I know references of the cloned object will point automatically to where the original object's references pointed to, I'm just not sure what happens specifically with value types. If anyone could state clearly what Object.clone()'s algorithm specification is (in easy language) that'd be great.
Yes, a field by field copy does mean that when it creates the new (cloned) object, the JVM will copy the value of every field from the original object into the cloned object. Unfortunately this does mean that you have a shallow copy. If you desire a deep copy, you can override the clone method.
class Line implements Cloneable {
private Point start;
private Point end;
public Line() {
//Careful: This will not happen for the cloned object
SomeGlobalRegistry.register(this);
}
#Override
public Line clone() {
//calling super.clone is going to create a shallow copy.
//If we want a deep copy, we must clone or instantiate
//the fields ourselves
Line line = (Line)super.clone();
//assuming Point is cloneable. Otherwise we will
//have to instantiate and populate it's fields manually
line.start = this.start.clone();
line.end = this.end.clone;
return line;
}
}
Also one more important thing about the cloning is, the constructor of the cloned object is never invoked (only the fields are copied). So if the constructor initializes an external object, or registers this object with some registry, then that will not happen for the cloned object.

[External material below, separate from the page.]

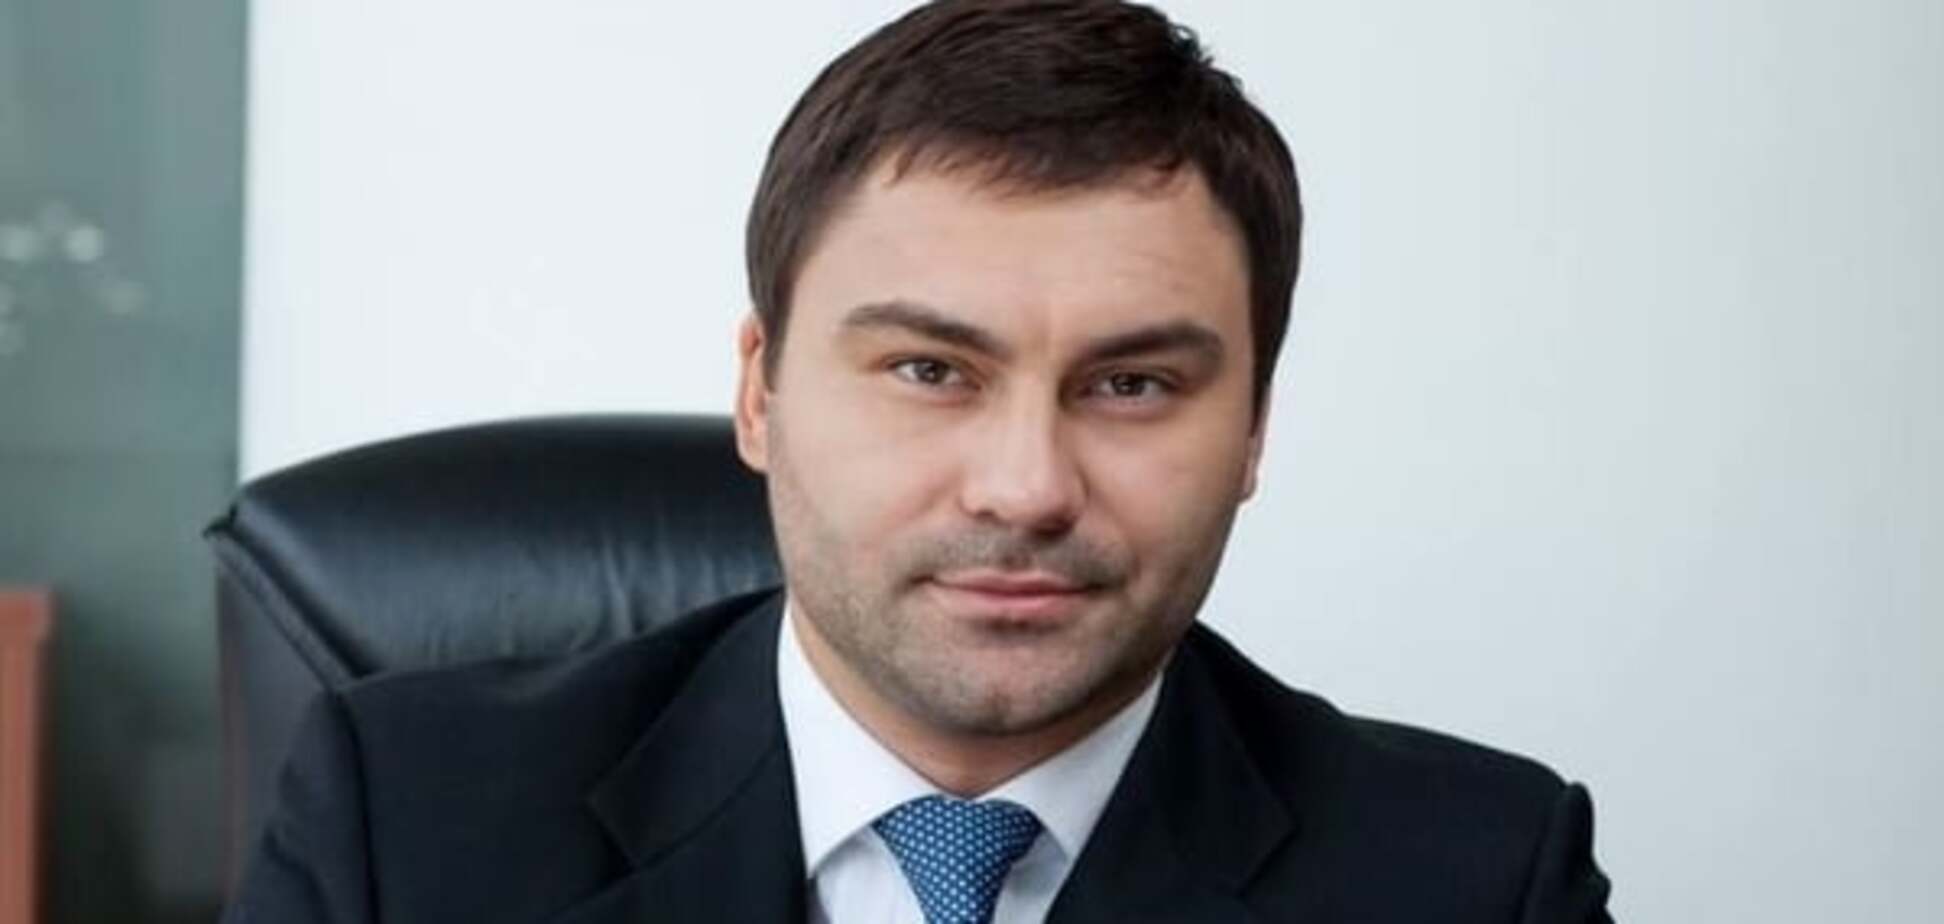 Іванюк відкликав свою кандидатуру на посаду директора ДП 'Укрспирт'

I personally prefer to not use Java's cloning. Instead I usually create my own "duplication" methods.
It means a shallow copy -- the fields are copied, but if you have any references, what these point to is not copied -- you will have two references to the same object, one in the old object and one in the new, cloned object. However, for fields that have primitive types, the field is the data itself, so they get copied regardless.

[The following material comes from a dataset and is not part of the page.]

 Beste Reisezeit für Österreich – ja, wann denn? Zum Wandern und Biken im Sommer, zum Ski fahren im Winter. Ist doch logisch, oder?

newObj.x = this.x; //redundant
newObj.y = this.y; //redundant
that's right - these are redundant, since they will have already been copied by Object's clone() method.
Thinking of it as a data copy is correct. Primitive types are copied, and references are also copied so they point to the same object. For example,
class A implements Cloneable {
Object someObject;
}
A a = new A();
a.someObject = new Object();
A cloneA = (A)a.clone();
assert a.someObject==cloneA.someObject;
The default clone performs shallow copy of values. For primitive values, this is enough and no extra work is needed.
For objects, the shallow copy means copying the reference only. Therefore, in these cases a deep copy is usually needed. The exception for this is when the reference points to an immutable object. Immutable objects can't have their apparent state changed, therefore their references can be copied around safely. For example, this applies to String, Integer, Float, enumerations (if not made mutable by mistake).